Data Mining - Chapter 5 (Performance Measures) Flashcards

Question 1

Q

Why do we need to evaluate our models?

Answer

A

Allows you to convince others that your work is meaningful
Without strong evaluation, your idea is likely to be rejected, or your code would not be deployed
Emperical evaluation helps guide meaningful research and development directions

Question 2

Q

What is a benefit of having a large training data set?

Answer

A

The larger the training data, the better the classifier

Question 3

Q

What is a benefit of having a large test data set?

Answer

A

The larger the test data, the more accurate the error estimate.

Question 4

Q

What do errors based on the training set tell us?

Answer

A

They give us information about the fit of the model

Question 5

Q

What do errors based on the validation/testing set tell us?

Answer

A

They measure the model’s ability to predict new data

Question 6

Q

What three types of outcomes exist in prediction through supervised learning

Answer

A

Predicted numerical value
Predicted class membership
Propensity - probability of class membership

Question 7

Q

What do we focus on when we are evaluating predictive performance (with numerical variables)?

Answer

A

We measure accuracy by using the prediction errors on the validation/test set.

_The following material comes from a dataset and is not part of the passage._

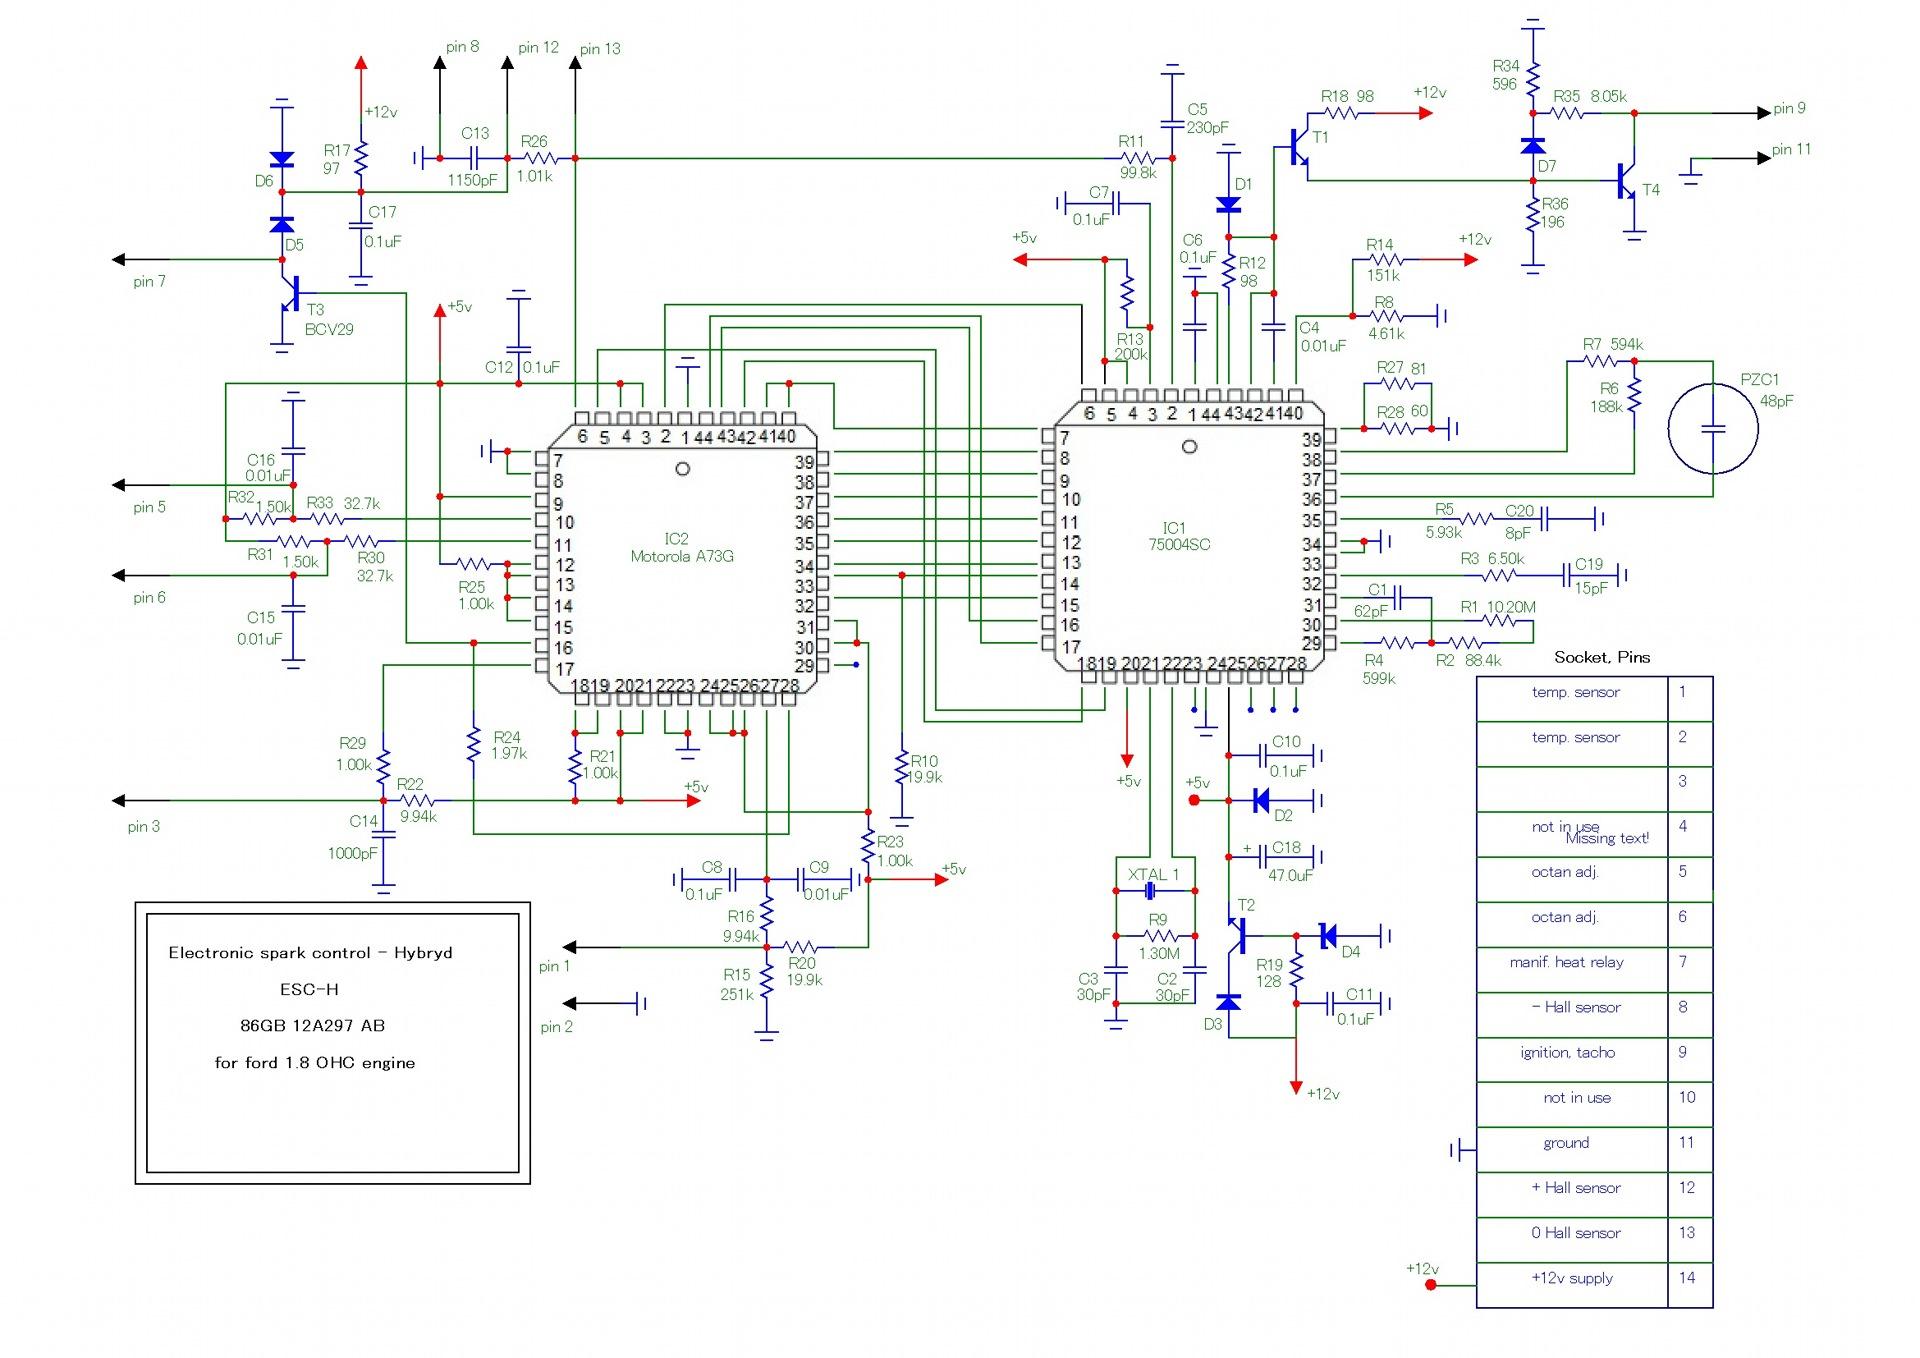 моторкрафт 86gb-12a297-a8 схема

All the measures are based on the prediction error. For a single record this is computed by subtractig the predicted outcome value from the actual outcome value:

ei = Yi - Yihat

Question 8

Q

Which five accuracy measures are there for models that predict numerical values?

Answer

A

Mean absolute error (MAE)
Mean error
Mean percentage error (MPE)
Mean absolute percentage error (MAPE)
Root mean squared error

–> Check slides for the formula’s.

Question 9

Q

What is the benefit of the mean percentage error(MPE) ?

Answer

A

It takes into account the direction of the error

Question 10

Q

What do you need to take into account when using any of these measures using the mean?

Answer

A

The measures are affected by outliers.

Question 11

Q

What is a Lift chart?

Answer

A

A graphical way to assess predictive performance. You use this when your goal is to search for a subset of records that gives the highest cumalative predicted values. (ranking)

-> The predictive performance is compared against a baseline model without predictors (average).

Question 12

Q

What is called the ‘lift’?

Answer

A

The ratio of model gains to naive benchmark gains.

Question 13

Q

What do we do when we are evaluating the performance of predicted class membership (classifiers)?

Answer

A

We are looking how well are model is doing, or comparing multiple models based on their accuracy in classifying records into classes.

We calculate the accuracy by subtracting the misclassification error from 1.

This is mainly done by using a confusion/classification matrix.

Question 14

Q

What is the confusion/classification matrix?

Answer

A

It is a matrix in which the predicted classes are compared to the actual classes. The actual classes are portrayed on the y-axis and the predicted classes on the x-axis.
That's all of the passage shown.